# Purchase Nikon parts?



## osirus (Nov 10, 2011)

Does anyone know if there is and place/ websitw where you can just order specific nikon parts?
My d700 took a spill, and i need a new bulb for the flash,and a new casing.
to get it repaired by nikon will be $500+ i was told by two camera shops.
they said its 95% labour costs.
So if i can order the parts, I can just fix it myself.
Question is, Is there a place i can order these parts?


----------



## 2WheelPhoto (Nov 10, 2011)

Here's one resource for parts that may help you: nikon d700 parts | eBay


----------



## KmH (Nov 10, 2011)

Since it wouldn't be a warranty repair, you don't have to send the camera to Nikon.

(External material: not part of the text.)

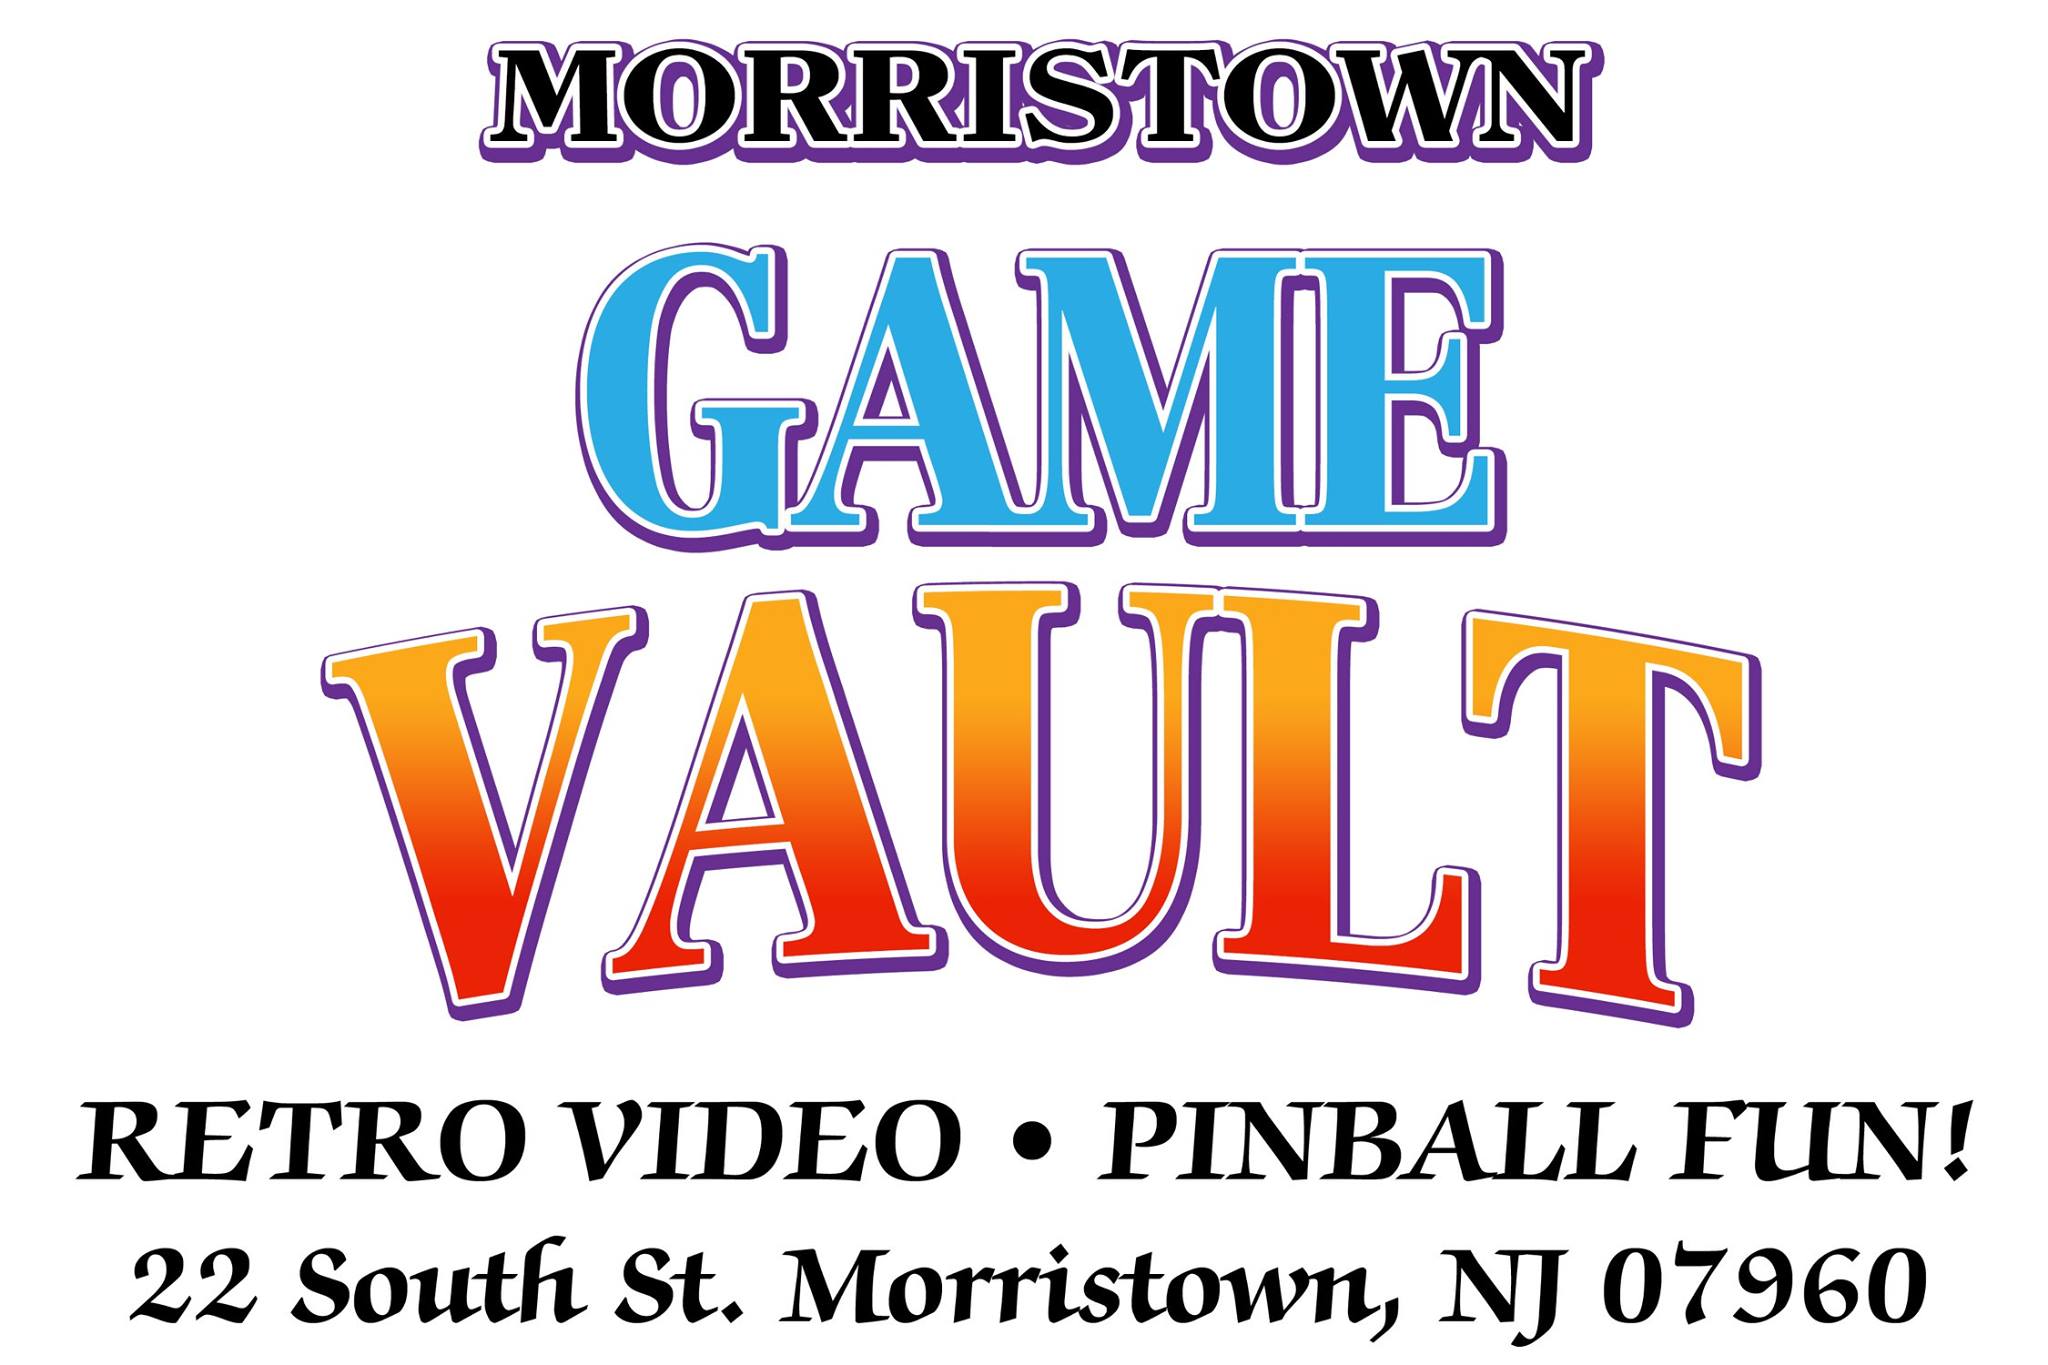 UPDATE! More prizes! Morristown, NJ Tournament This Weekend!

You don't show your location in your profile maiking it impossible for anyone to recommend a shop near you. There are independent repair shops around the country that are Nikon authorized repair facilities that can get Nikon parts.


----------



## KmH (Nov 10, 2011)

And on what Boca Photo page are the parts the OP needs?

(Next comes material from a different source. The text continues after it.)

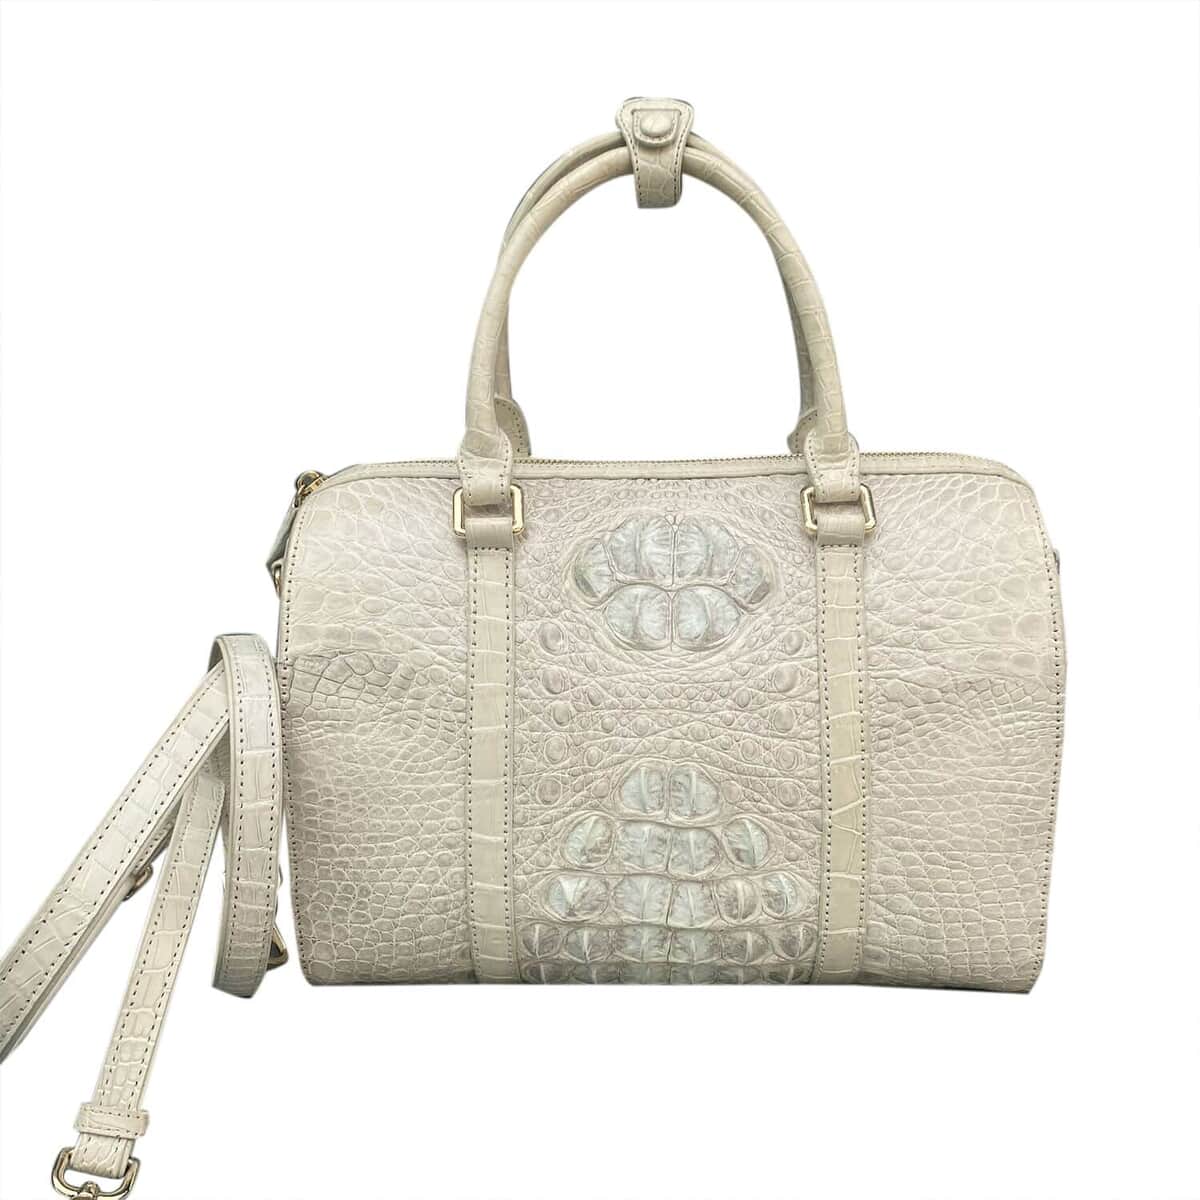 Grand Pelle Genuine Crocodile Leather Natural White Tote Bag (11.81"x5.9"x7.87") with Detachable Shoulder Strap image number 0

I don't think Boca Photo has that kind of parts.


----------



## osirus (Nov 11, 2011)

Im in st catharines ont canada

i see the 2 case parts i need on  ebay.
and i can find some flash bulbs on ebay that say for sb600
but i need to find what kind of bulb i need for the d700 onboard flash


----------



## perry1963 (Nov 23, 2011)

Try www.procamerarepair.com, they have alot of Nikon parts.


----------



## AbhijitGaba (Nov 23, 2011)

Hey guys, 
I recently bought a Nikon S8100 and I dropped it and broke the lens.Anyone know's what can be done to fix it ?


----------